[Records supplied]
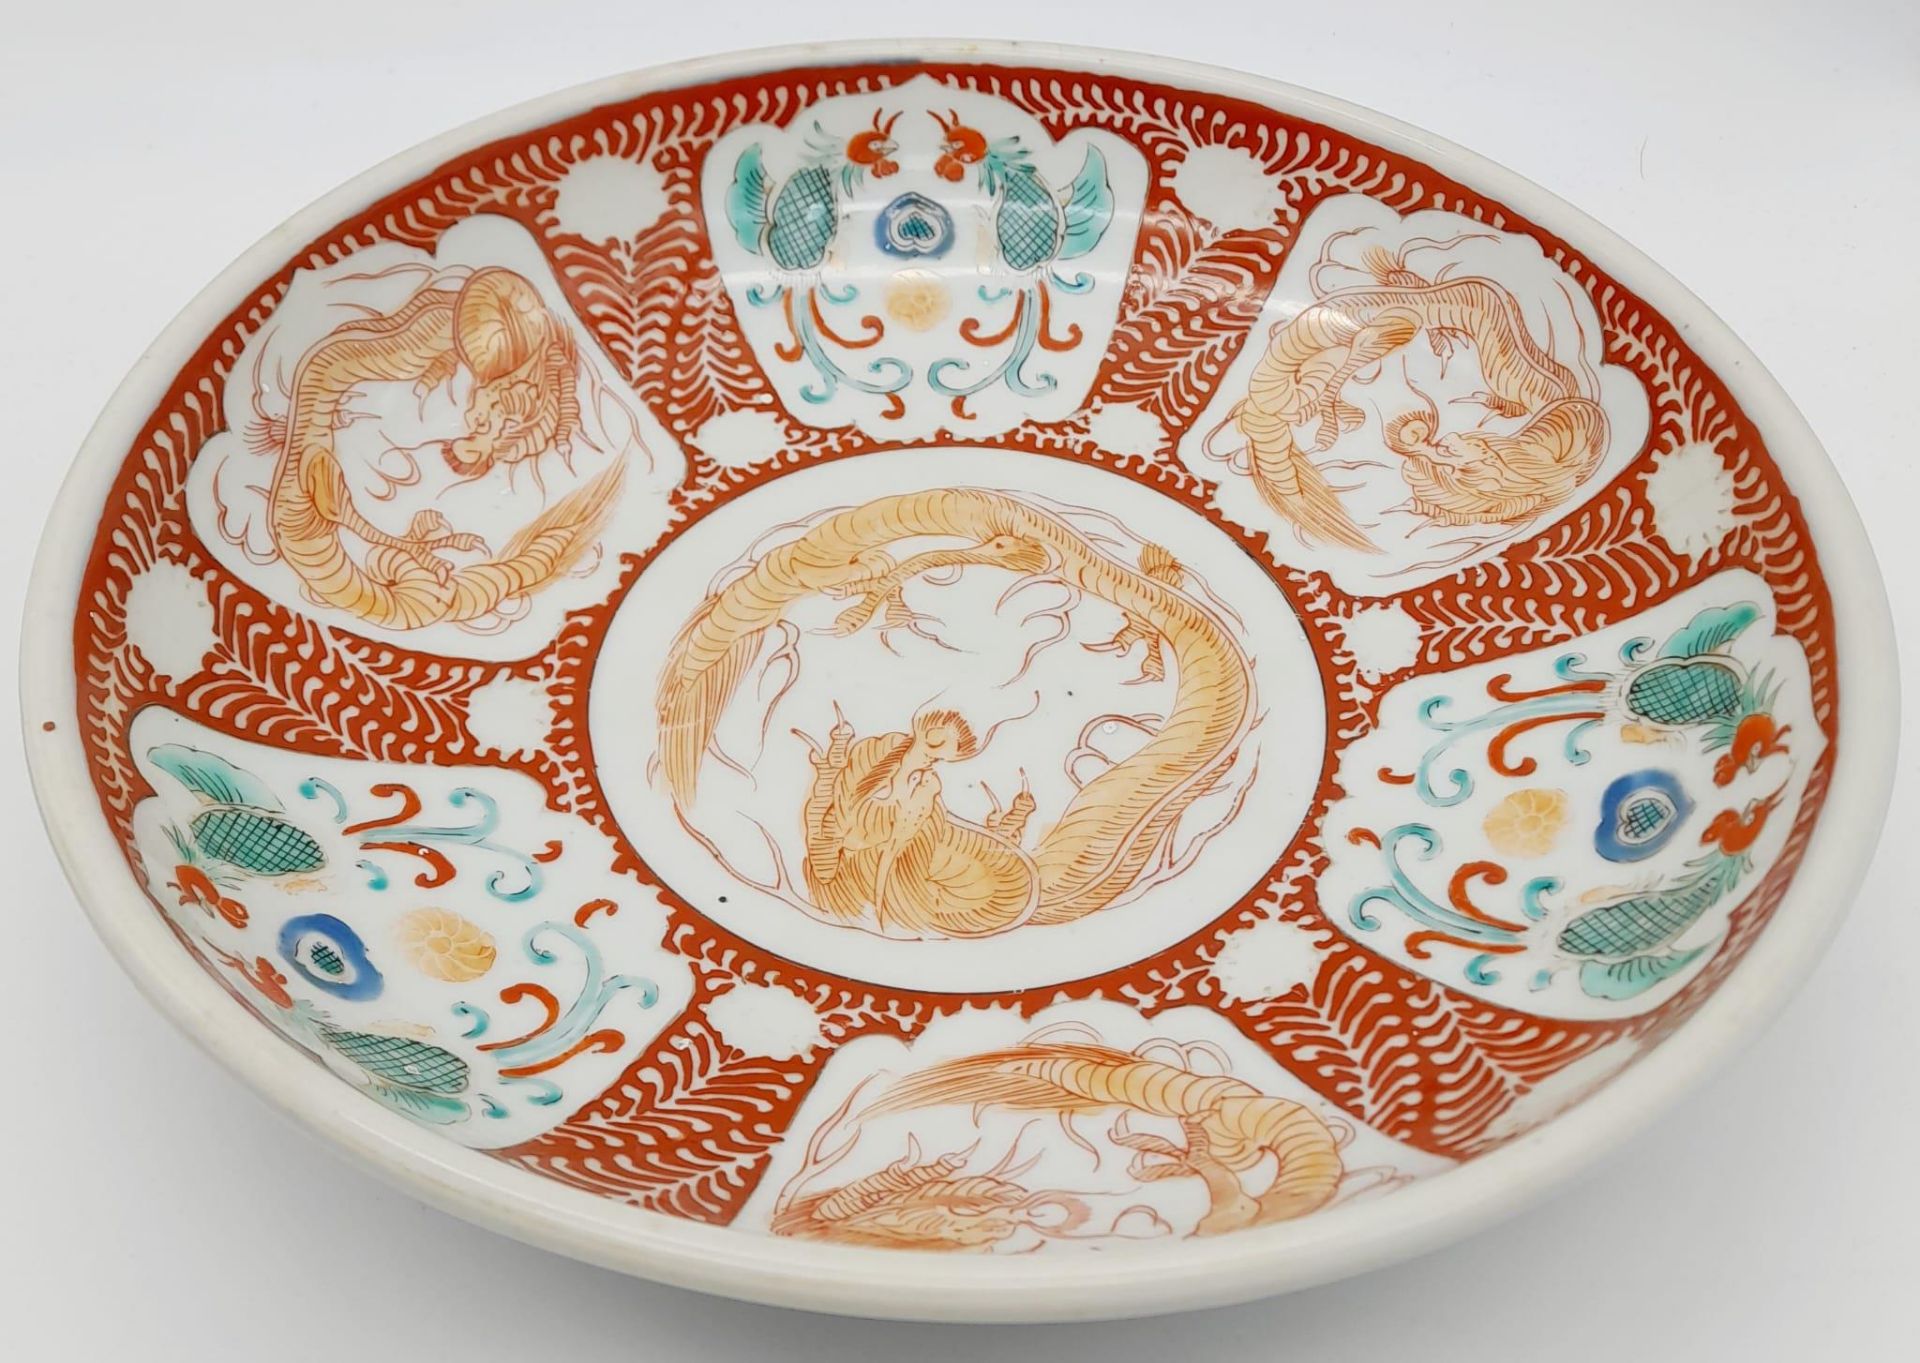 A Large Antique Chinese Famille Rose Bowl. Wonderful colours and decoration depicting dragons and
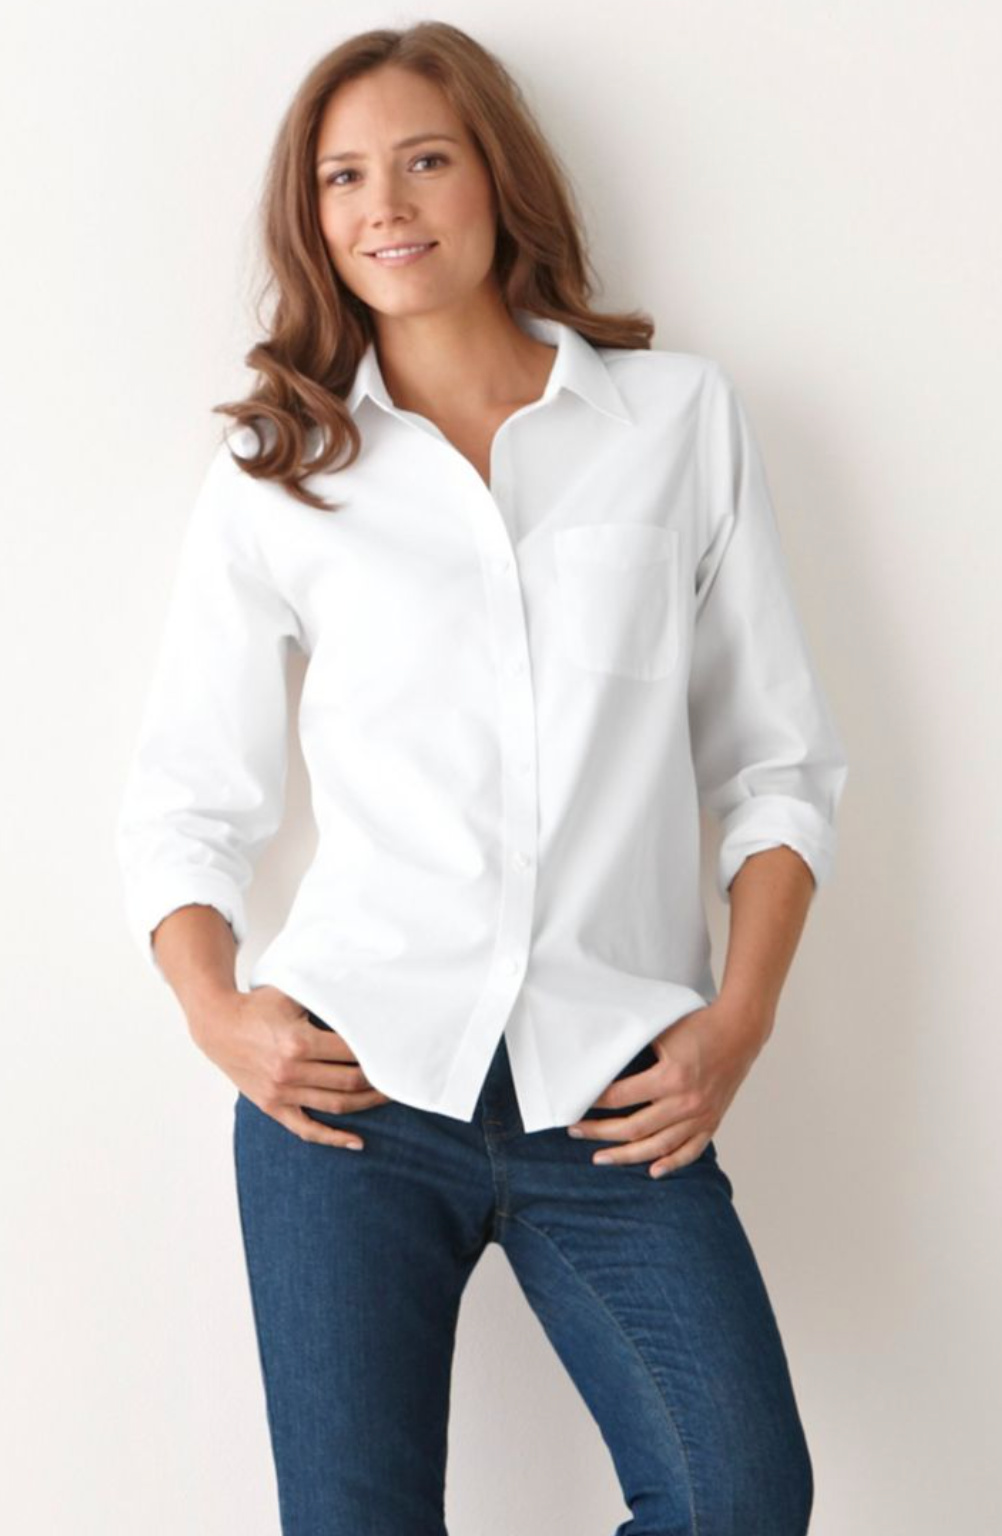 These Women's Wrinkle Free Shirts Will Make Packing a Breeze
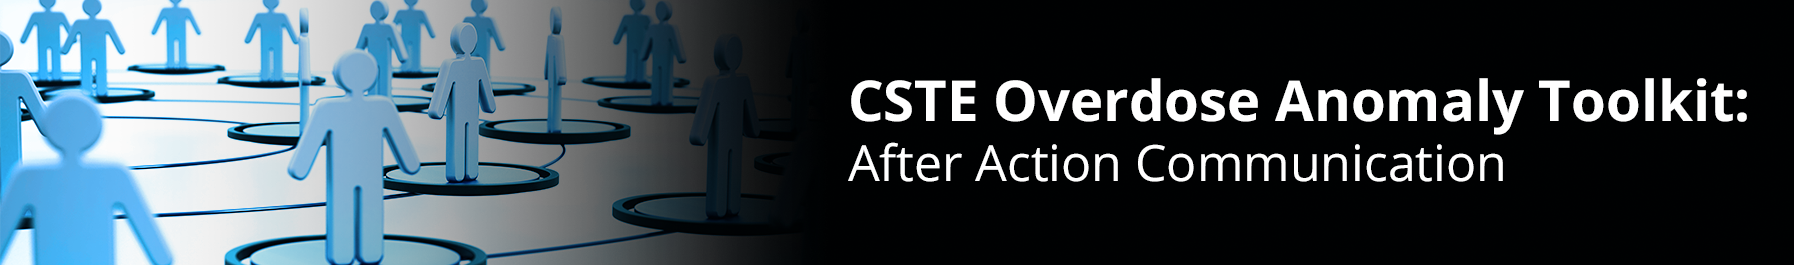 CSTE Overdose Anomaly Toolkit: After Action Communication
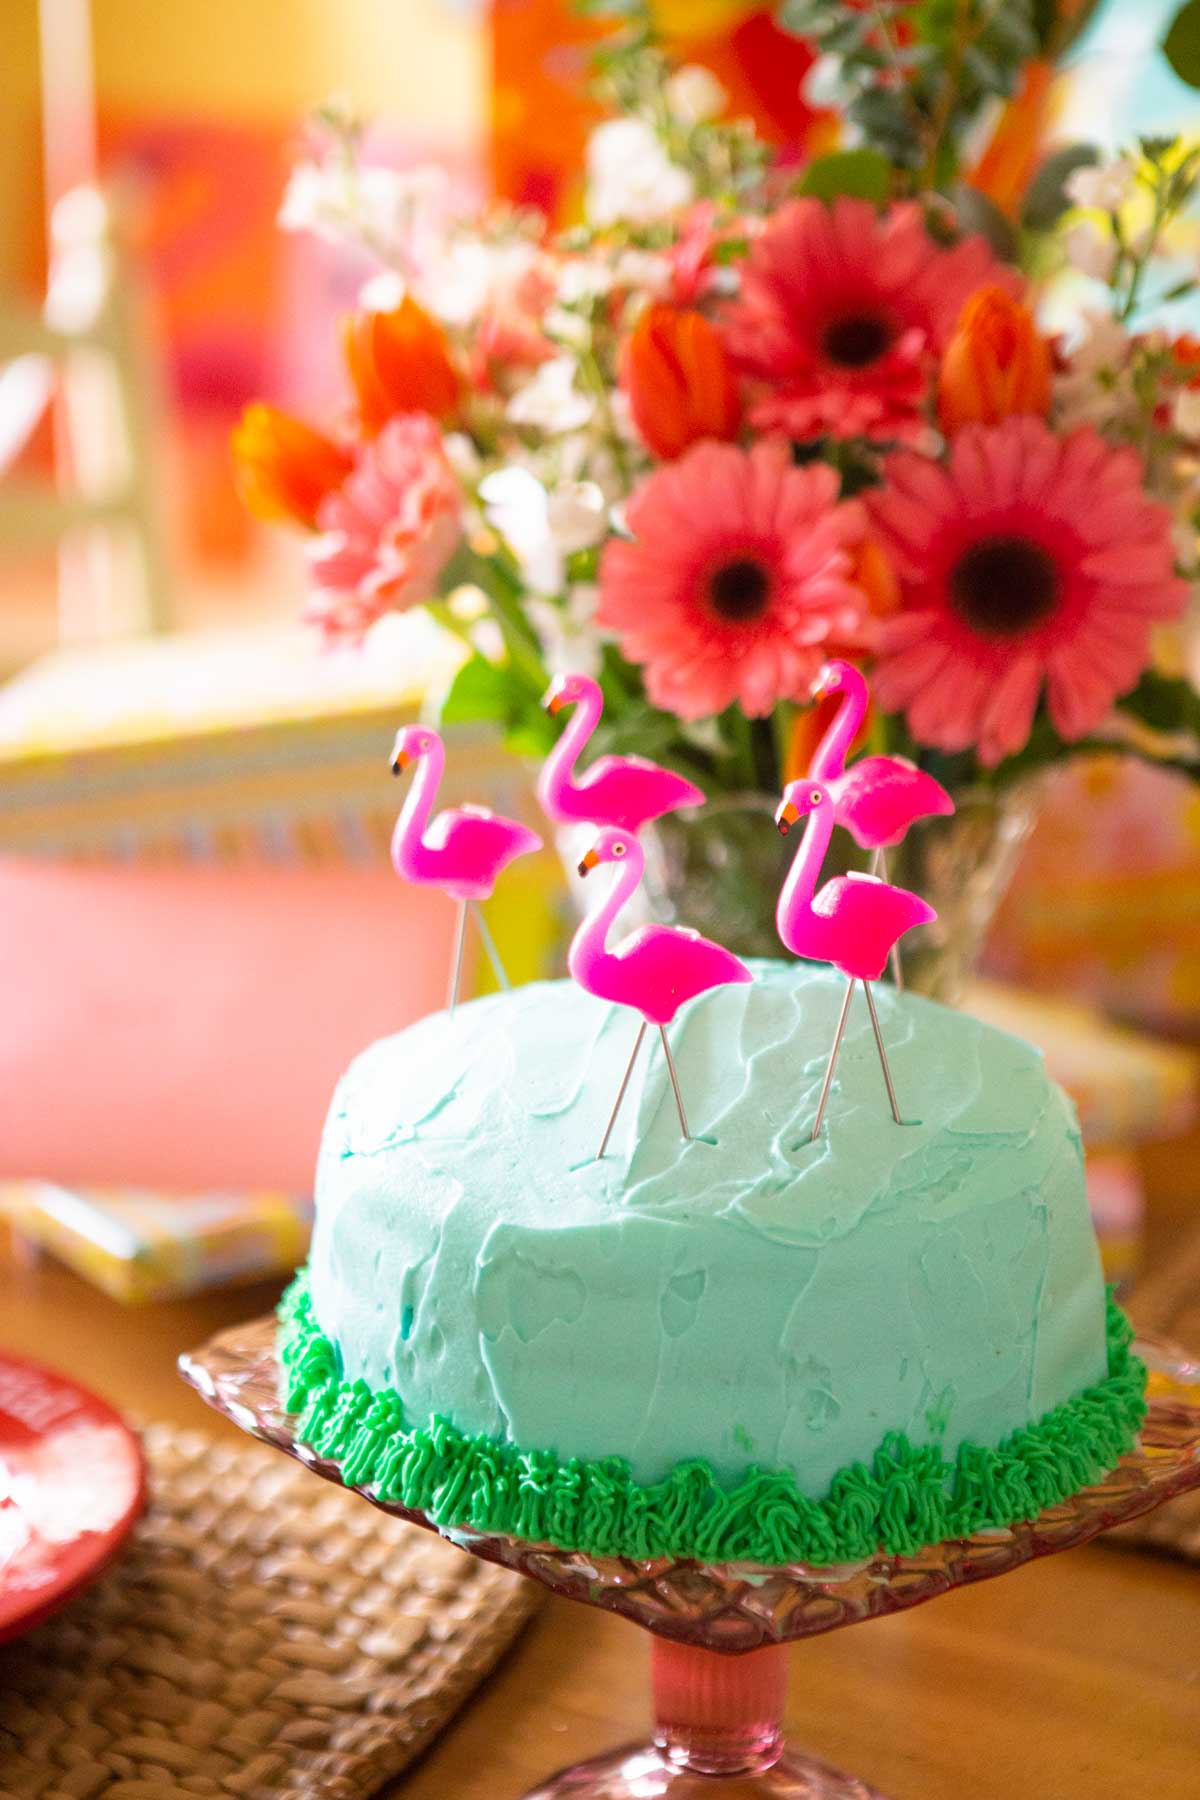 A flamingo cake on a pink cake plate with flowers in the background.
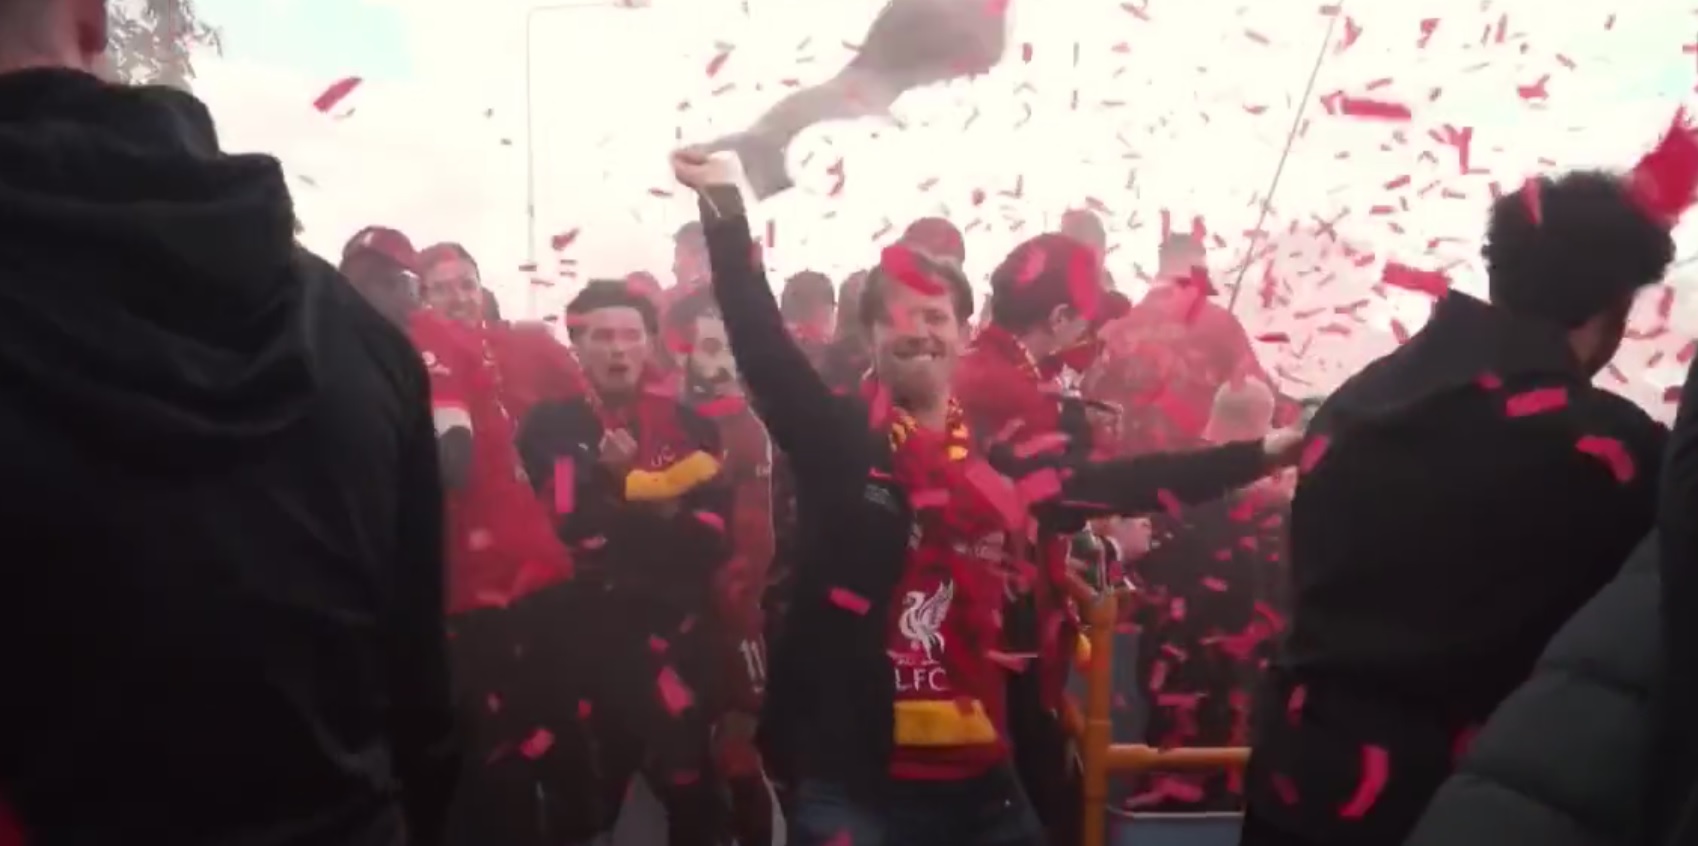 (Video) Michael Edwards spotted partying hard on Liverpool’s trophy bus in scenes fans will love

[Problem description] Only the lines from the one containing "CSTE Overdose Anomaly" through the final line of the listing should be reproduced, exactly and with no pictures.

[Written solution]
 CSTE Overdose Anomaly Toolkit: After Action Communication
 A flamingo cake on a pink cake plate with flowers in the background.
 (Video) Michael Edwards spotted partying hard on Liverpool’s trophy bus in scenes fans will love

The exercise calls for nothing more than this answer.